Novartis case crumbles further
The cases against most of the politicians implicated in the alleged Novartis bribery scandal will be shelved next week due to a lack of evidence, according to judicial sources on Tuesday.
After prosecutors on Monday cleared four of the 10 politicians of receiving bribes – former ministers Evangelos Venizelos, Andreas Lykouretzos and Giorgos Koutroumanis and former premier Panagiotis Pikrammenos – sources say the cases will also be shelved against four of five other implicated politicians – former New Democracy premier Antonis Samaras, former finance minister and current Bank of Greece Governor Yannis Stournaras, European Migration Commissioner Dimitris Avramopoulos, and former minister and current vice president of New Democracy Adonis Georgiadis.
Former PASOK health minister Andreas Loverdos, the only one of the 10 politicians whose name remains on the case file that corruption prosecutors sent to Parliament on Monday, said his implication was a “vile plot” hatched by “a gang of criminals.”
New Democracy leader Kyriakos Mitsotakis denounced the whole affair as a “scam” orchestrated by the government, which he accused of “systematically” undermining democracy.

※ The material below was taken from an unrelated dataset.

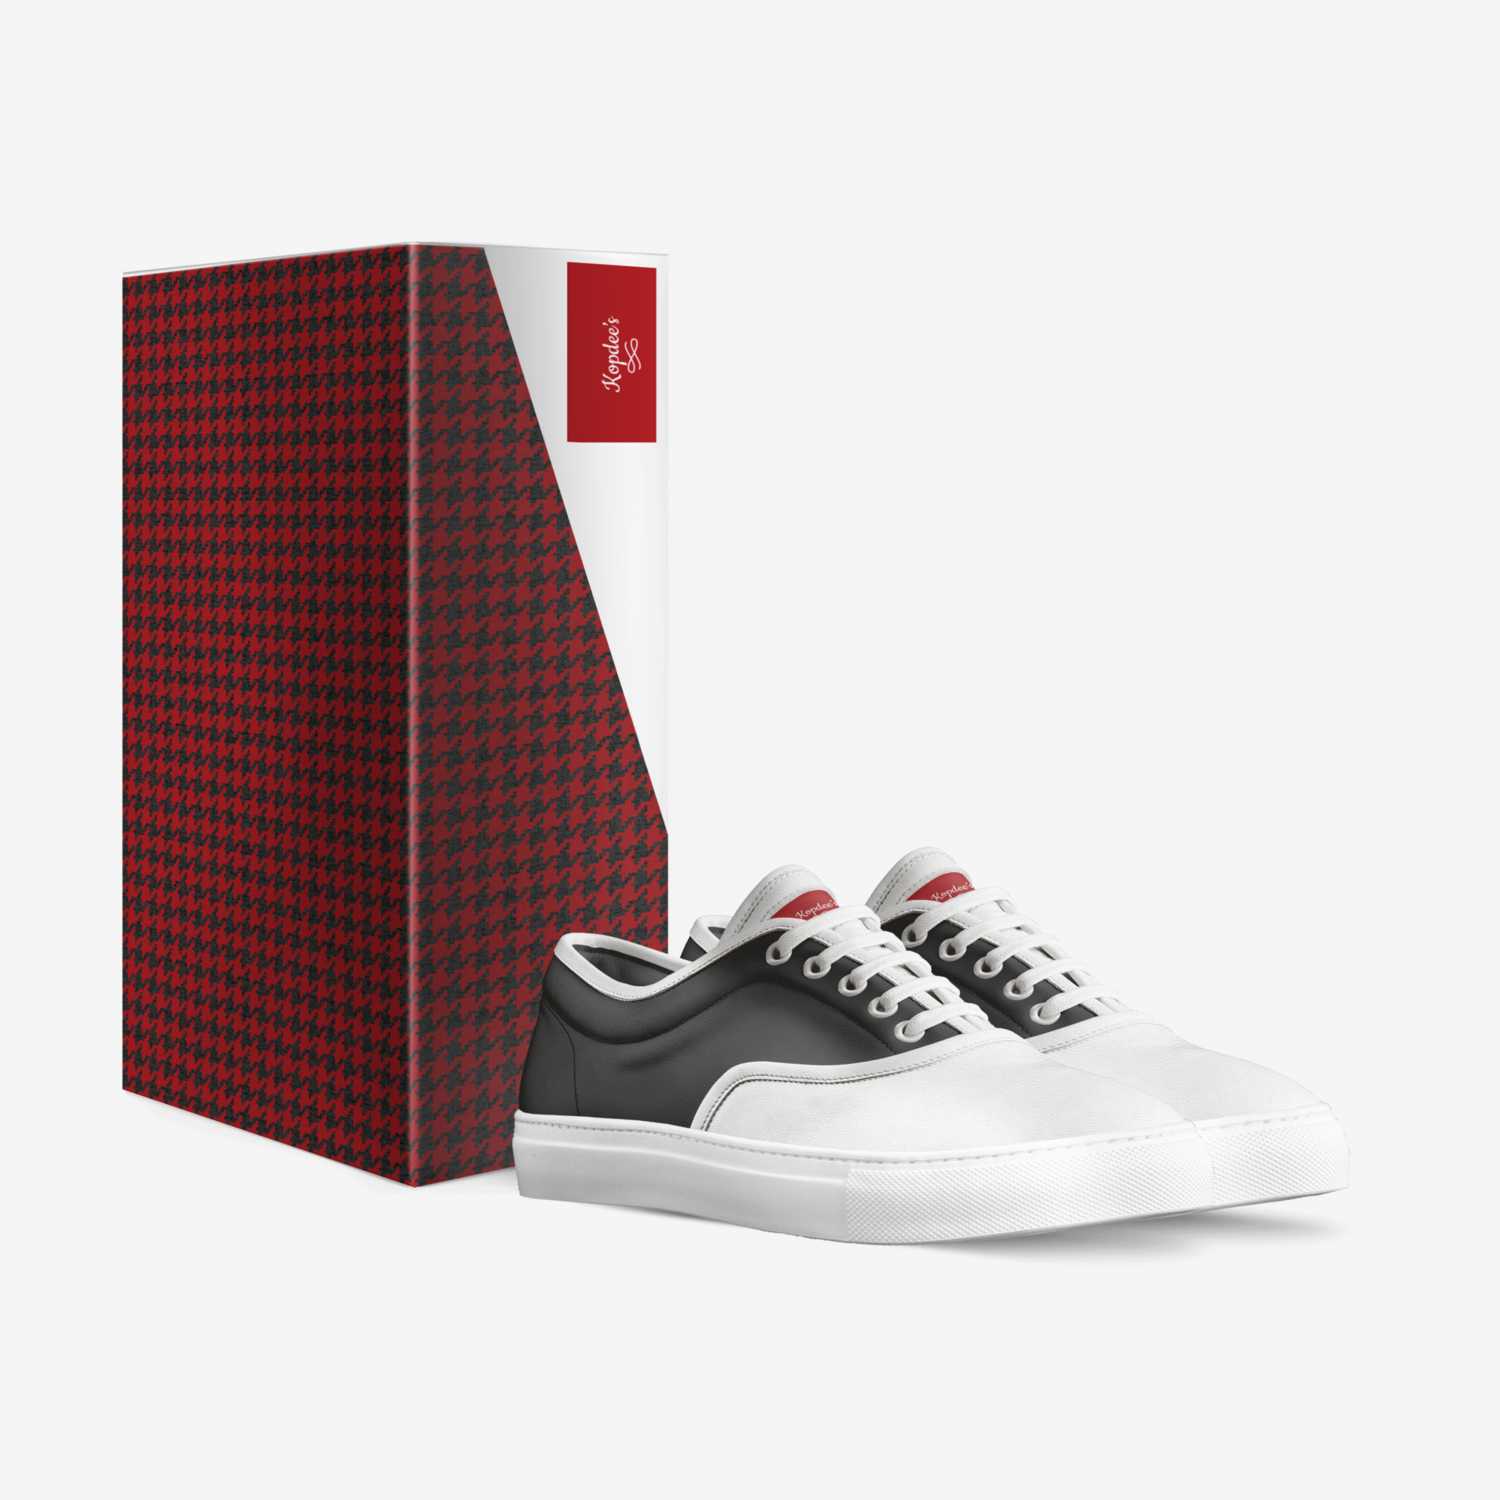 Kopdee’s custom made in Italy shoes by Deshett Davis | Box view

“The Novartis scam with which the government tried to implicate 10 politicians is, unfortunately, just one indicative example of how the government perceives institutions and the rule of law,” Mitsotakis said Tuesday during a meeting with ambassadors of European Union states.
The opposition conservative party has also pledged that those behind the scam will be held accountable.
The gradual unraveling of the case is seen to have dealt a serious blow to the narrative pushed by the government that it was the “biggest scandal since the establishment of the Greek state.”
New Democracy spokeswoman Sofia Zacharaki said the government “fabricated” the scandal to divert the public’s attention from the controversial name deal signed last year with North Macedonia. Her remarks came in the wake of comments made earlier in the day by government spokesman Dimitris Tzanakopoulos, who accused both New Democracy and PASOK of attempting to intimidate judicial authorities into dropping the case.
“The very same people who verbally defend the independence of the judicial authorities… have not hesitated… to speak of fabrications and fixed trials,” he said.